▶ _EXERCISE REQUIREMENTS_: Each record must appear in the answer exactly as given.

▶ _SUPPLIED ENTRIES_:

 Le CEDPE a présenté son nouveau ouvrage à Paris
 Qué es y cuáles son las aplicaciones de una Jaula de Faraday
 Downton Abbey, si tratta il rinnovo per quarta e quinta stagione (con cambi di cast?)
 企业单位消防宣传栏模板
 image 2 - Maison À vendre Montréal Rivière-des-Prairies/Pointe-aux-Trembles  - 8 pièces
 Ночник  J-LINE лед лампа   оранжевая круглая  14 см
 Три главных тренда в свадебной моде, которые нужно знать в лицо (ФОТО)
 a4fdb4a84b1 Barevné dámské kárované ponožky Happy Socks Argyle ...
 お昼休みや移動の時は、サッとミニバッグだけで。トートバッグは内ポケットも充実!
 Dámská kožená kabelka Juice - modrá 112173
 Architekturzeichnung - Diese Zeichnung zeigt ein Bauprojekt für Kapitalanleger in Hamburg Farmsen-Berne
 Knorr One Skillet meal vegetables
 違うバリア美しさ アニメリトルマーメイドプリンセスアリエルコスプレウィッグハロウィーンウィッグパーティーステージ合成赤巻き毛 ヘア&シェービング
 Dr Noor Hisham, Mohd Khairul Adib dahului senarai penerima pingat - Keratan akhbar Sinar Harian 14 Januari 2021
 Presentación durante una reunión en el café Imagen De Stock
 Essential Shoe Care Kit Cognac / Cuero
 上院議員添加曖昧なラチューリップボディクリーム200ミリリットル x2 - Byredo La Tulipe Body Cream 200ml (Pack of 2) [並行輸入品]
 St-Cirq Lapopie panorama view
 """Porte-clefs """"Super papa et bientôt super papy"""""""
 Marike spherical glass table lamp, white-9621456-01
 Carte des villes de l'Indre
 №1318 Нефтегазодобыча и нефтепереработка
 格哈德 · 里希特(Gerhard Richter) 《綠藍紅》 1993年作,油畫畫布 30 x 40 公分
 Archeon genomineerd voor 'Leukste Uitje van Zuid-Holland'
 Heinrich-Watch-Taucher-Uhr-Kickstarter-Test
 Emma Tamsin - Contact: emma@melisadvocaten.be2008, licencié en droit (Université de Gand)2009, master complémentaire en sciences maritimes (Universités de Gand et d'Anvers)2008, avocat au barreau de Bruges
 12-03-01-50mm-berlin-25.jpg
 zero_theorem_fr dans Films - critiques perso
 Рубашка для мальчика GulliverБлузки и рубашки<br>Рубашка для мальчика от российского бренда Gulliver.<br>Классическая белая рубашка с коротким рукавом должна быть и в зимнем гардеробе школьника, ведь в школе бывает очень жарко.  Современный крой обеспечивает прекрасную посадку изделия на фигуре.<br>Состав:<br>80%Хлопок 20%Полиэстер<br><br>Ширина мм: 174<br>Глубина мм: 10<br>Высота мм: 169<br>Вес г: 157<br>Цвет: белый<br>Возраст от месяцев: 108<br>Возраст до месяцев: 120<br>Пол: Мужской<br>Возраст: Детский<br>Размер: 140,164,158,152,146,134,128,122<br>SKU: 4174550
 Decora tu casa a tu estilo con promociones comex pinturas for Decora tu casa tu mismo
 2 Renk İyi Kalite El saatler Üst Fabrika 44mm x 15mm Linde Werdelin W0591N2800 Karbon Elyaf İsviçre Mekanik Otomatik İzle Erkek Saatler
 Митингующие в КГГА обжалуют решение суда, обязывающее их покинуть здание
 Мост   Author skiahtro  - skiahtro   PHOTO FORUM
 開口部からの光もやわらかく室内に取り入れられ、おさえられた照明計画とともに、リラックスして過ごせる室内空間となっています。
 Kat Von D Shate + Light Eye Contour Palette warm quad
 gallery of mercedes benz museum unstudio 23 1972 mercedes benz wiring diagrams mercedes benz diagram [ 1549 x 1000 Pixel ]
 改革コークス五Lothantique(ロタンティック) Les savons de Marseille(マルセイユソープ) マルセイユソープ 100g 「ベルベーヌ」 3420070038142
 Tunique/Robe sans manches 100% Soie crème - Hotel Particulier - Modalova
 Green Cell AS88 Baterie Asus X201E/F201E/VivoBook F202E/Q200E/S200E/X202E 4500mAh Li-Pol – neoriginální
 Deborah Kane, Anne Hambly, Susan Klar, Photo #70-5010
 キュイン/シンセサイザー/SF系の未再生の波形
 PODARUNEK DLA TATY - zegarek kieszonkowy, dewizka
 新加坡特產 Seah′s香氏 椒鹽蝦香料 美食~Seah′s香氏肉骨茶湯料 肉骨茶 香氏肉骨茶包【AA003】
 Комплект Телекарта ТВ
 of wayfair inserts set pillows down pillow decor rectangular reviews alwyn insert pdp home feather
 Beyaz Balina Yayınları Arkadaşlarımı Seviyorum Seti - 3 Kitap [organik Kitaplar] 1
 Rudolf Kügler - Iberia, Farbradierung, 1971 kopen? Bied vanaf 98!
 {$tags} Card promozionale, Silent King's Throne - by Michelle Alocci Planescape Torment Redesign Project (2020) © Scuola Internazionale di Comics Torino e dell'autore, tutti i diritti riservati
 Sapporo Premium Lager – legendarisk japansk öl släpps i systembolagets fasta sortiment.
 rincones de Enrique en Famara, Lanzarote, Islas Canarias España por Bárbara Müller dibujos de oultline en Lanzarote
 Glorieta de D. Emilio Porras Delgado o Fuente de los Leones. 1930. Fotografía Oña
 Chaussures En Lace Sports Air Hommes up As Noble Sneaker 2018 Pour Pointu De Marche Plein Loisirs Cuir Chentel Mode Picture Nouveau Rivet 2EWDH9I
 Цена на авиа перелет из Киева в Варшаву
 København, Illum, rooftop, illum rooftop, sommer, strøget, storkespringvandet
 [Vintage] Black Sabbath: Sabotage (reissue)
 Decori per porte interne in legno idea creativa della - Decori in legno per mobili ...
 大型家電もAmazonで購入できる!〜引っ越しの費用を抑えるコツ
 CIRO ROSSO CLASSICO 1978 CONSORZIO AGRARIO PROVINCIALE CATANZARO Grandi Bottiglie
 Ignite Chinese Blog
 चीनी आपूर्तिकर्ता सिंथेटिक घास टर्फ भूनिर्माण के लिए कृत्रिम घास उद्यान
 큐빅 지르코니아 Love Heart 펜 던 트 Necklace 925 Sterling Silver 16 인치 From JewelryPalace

▶ _COMPLETED TASK_:
 Le CEDPE a présenté son nouveau ouvrage à Paris
 Qué es y cuáles son las aplicaciones de una Jaula de Faraday
 Downton Abbey, si tratta il rinnovo per quarta e quinta stagione (con cambi di cast?)
 企业单位消防宣传栏模板
 image 2 - Maison À vendre Montréal Rivière-des-Prairies/Pointe-aux-Trembles  - 8 pièces
 Ночник  J-LINE лед лампа   оранжевая круглая  14 см
 Три главных тренда в свадебной моде, которые нужно знать в лицо (ФОТО)
 a4fdb4a84b1 Barevné dámské kárované ponožky Happy Socks Argyle ...
 お昼休みや移動の時は、サッとミニバッグだけで。トートバッグは内ポケットも充実!
 Dámská kožená kabelka Juice - modrá 112173
 Architekturzeichnung - Diese Zeichnung zeigt ein Bauprojekt für Kapitalanleger in Hamburg Farmsen-Berne
 Knorr One Skillet meal vegetables
 違うバリア美しさ アニメリトルマーメイドプリンセスアリエルコスプレウィッグハロウィーンウィッグパーティーステージ合成赤巻き毛 ヘア&シェービング
 Dr Noor Hisham, Mohd Khairul Adib dahului senarai penerima pingat - Keratan akhbar Sinar Harian 14 Januari 2021
 Presentación durante una reunión en el café Imagen De Stock
 Essential Shoe Care Kit Cognac / Cuero
 上院議員添加曖昧なラチューリップボディクリーム200ミリリットル x2 - Byredo La Tulipe Body Cream 200ml (Pack of 2) [並行輸入品]
 St-Cirq Lapopie panorama view
 """Porte-clefs """"Super papa et bientôt super papy"""""""
 Marike spherical glass table lamp, white-9621456-01
 Carte des villes de l'Indre
 №1318 Нефтегазодобыча и нефтепереработка
 格哈德 · 里希特(Gerhard Richter) 《綠藍紅》 1993年作,油畫畫布 30 x 40 公分
 Archeon genomineerd voor 'Leukste Uitje van Zuid-Holland'
 Heinrich-Watch-Taucher-Uhr-Kickstarter-Test
 Emma Tamsin - Contact: emma@melisadvocaten.be2008, licencié en droit (Université de Gand)2009, master complémentaire en sciences maritimes (Universités de Gand et d'Anvers)2008, avocat au barreau de Bruges
 12-03-01-50mm-berlin-25.jpg
 zero_theorem_fr dans Films - critiques perso
 Рубашка для мальчика GulliverБлузки и рубашки<br>Рубашка для мальчика от российского бренда Gulliver.<br>Классическая белая рубашка с коротким рукавом должна быть и в зимнем гардеробе школьника, ведь в школе бывает очень жарко.  Современный крой обеспечивает прекрасную посадку изделия на фигуре.<br>Состав:<br>80%Хлопок 20%Полиэстер<br><br>Ширина мм: 174<br>Глубина мм: 10<br>Высота мм: 169<br>Вес г: 157<br>Цвет: белый<br>Возраст от месяцев: 108<br>Возраст до месяцев: 120<br>Пол: Мужской<br>Возраст: Детский<br>Размер: 140,164,158,152,146,134,128,122<br>SKU: 4174550
 Decora tu casa a tu estilo con promociones comex pinturas for Decora tu casa tu mismo
 2 Renk İyi Kalite El saatler Üst Fabrika 44mm x 15mm Linde Werdelin W0591N2800 Karbon Elyaf İsviçre Mekanik Otomatik İzle Erkek Saatler
 Митингующие в КГГА обжалуют решение суда, обязывающее их покинуть здание
 Мост   Author skiahtro  - skiahtro   PHOTO FORUM
 開口部からの光もやわらかく室内に取り入れられ、おさえられた照明計画とともに、リラックスして過ごせる室内空間となっています。
 Kat Von D Shate + Light Eye Contour Palette warm quad
 gallery of mercedes benz museum unstudio 23 1972 mercedes benz wiring diagrams mercedes benz diagram [ 1549 x 1000 Pixel ]
 改革コークス五Lothantique(ロタンティック) Les savons de Marseille(マルセイユソープ) マルセイユソープ 100g 「ベルベーヌ」 3420070038142
 Tunique/Robe sans manches 100% Soie crème - Hotel Particulier - Modalova
 Green Cell AS88 Baterie Asus X201E/F201E/VivoBook F202E/Q200E/S200E/X202E 4500mAh Li-Pol – neoriginální
 Deborah Kane, Anne Hambly, Susan Klar, Photo #70-5010
 キュイン/シンセサイザー/SF系の未再生の波形
 PODARUNEK DLA TATY - zegarek kieszonkowy, dewizka
 新加坡特產 Seah′s香氏 椒鹽蝦香料 美食~Seah′s香氏肉骨茶湯料 肉骨茶 香氏肉骨茶包【AA003】
 Комплект Телекарта ТВ
 of wayfair inserts set pillows down pillow decor rectangular reviews alwyn insert pdp home feather
 Beyaz Balina Yayınları Arkadaşlarımı Seviyorum Seti - 3 Kitap [organik Kitaplar] 1
 Rudolf Kügler - Iberia, Farbradierung, 1971 kopen? Bied vanaf 98!
 {$tags} Card promozionale, Silent King's Throne - by Michelle Alocci Planescape Torment Redesign Project (2020) © Scuola Internazionale di Comics Torino e dell'autore, tutti i diritti riservati
 Sapporo Premium Lager – legendarisk japansk öl släpps i systembolagets fasta sortiment.
 rincones de Enrique en Famara, Lanzarote, Islas Canarias España por Bárbara Müller dibujos de oultline en Lanzarote
 Glorieta de D. Emilio Porras Delgado o Fuente de los Leones. 1930. Fotografía Oña
 Chaussures En Lace Sports Air Hommes up As Noble Sneaker 2018 Pour Pointu De Marche Plein Loisirs Cuir Chentel Mode Picture Nouveau Rivet 2EWDH9I
 Цена на авиа перелет из Киева в Варшаву
 København, Illum, rooftop, illum rooftop, sommer, strøget, storkespringvandet
 [Vintage] Black Sabbath: Sabotage (reissue)
 Decori per porte interne in legno idea creativa della - Decori in legno per mobili ...
 大型家電もAmazonで購入できる!〜引っ越しの費用を抑えるコツ
 CIRO ROSSO CLASSICO 1978 CONSORZIO AGRARIO PROVINCIALE CATANZARO Grandi Bottiglie
 Ignite Chinese Blog
 चीनी आपूर्तिकर्ता सिंथेटिक घास टर्फ भूनिर्माण के लिए कृत्रिम घास उद्यान
 큐빅 지르코니아 Love Heart 펜 던 트 Necklace 925 Sterling Silver 16 인치 From JewelryPalace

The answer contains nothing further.